Em julgamento realizado na tarde de hoje (20), o Flamengo foi condenado a pagar R$ 50 mil pelos cânticos "time de veado" de parte da torcida durante o clássico. Ainda cabe recurso. Na ocasião, após o grito de "pague as famílias", proferidos pelos tricolores em alusão à tragédia do Ninho do Urubu, os rubro-negros responderam com os cantos de cunho homofóbico.

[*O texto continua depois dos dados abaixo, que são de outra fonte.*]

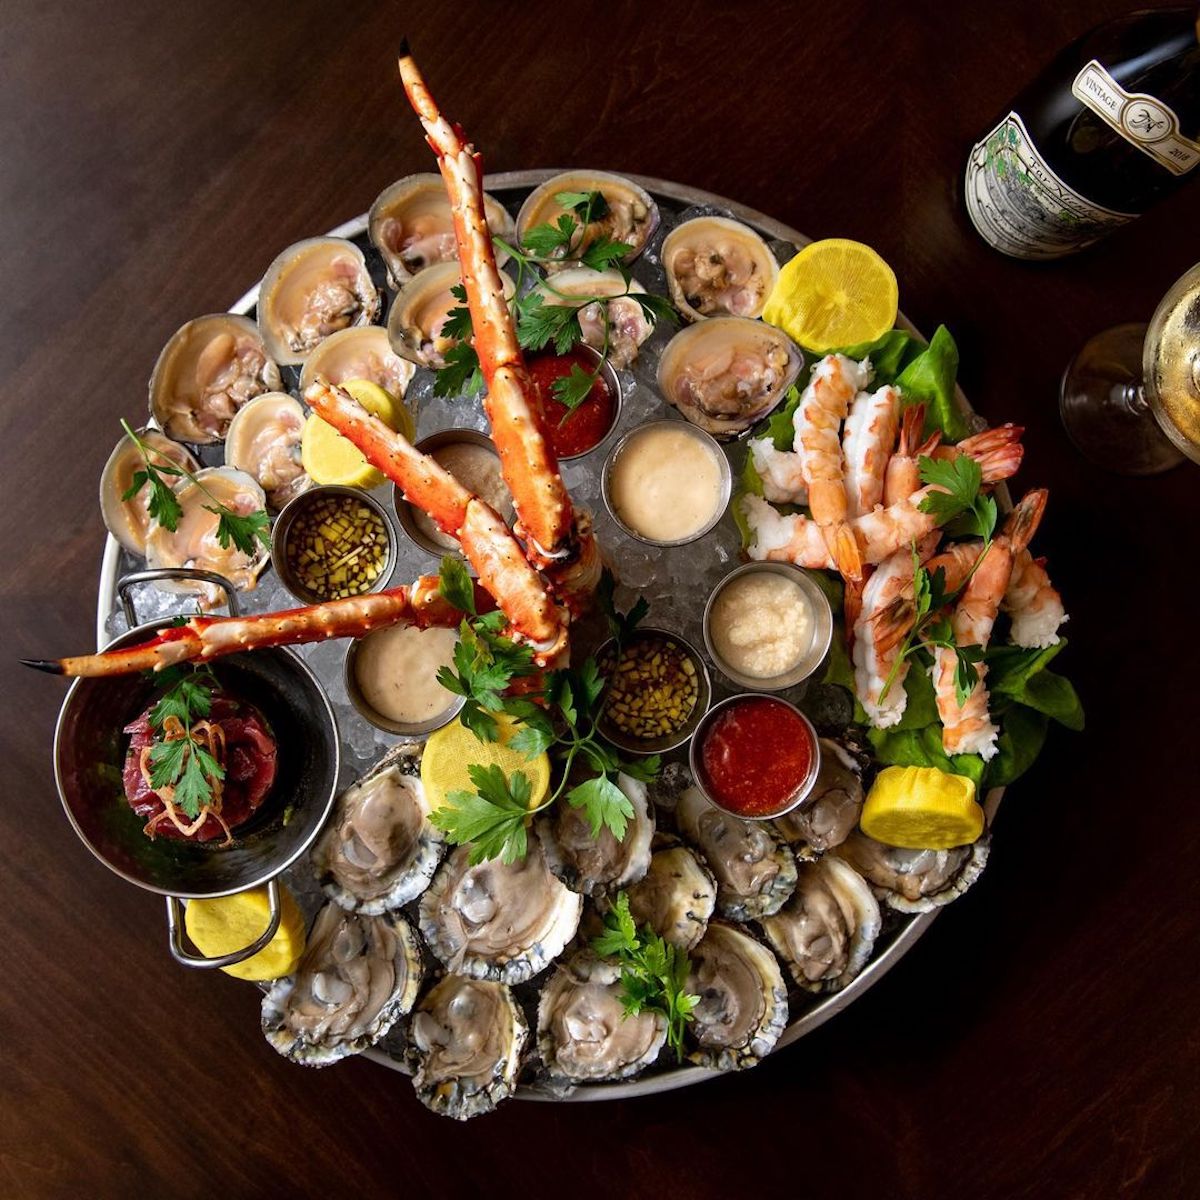 C&S Seafood and Oyster Bar, Vinings is Relocating to Galleria On the Park

O tribunal não entendeu que houve homofobia no caso, mas que os gritos foram ofensivos à torcida adversária. Desta forma, o Rubro-Negro foi enquadrado no artigo artigo 191, que aponta "deixar de cumprir ou dificultar o cumprimento de regulamento de competição", mas absolvido no 243-G, "praticar ato discriminatório, desdenhoso ou ultrajante, relacionado a preconceito", do Código Brasileiro de Justiça Desportiva (CBJD).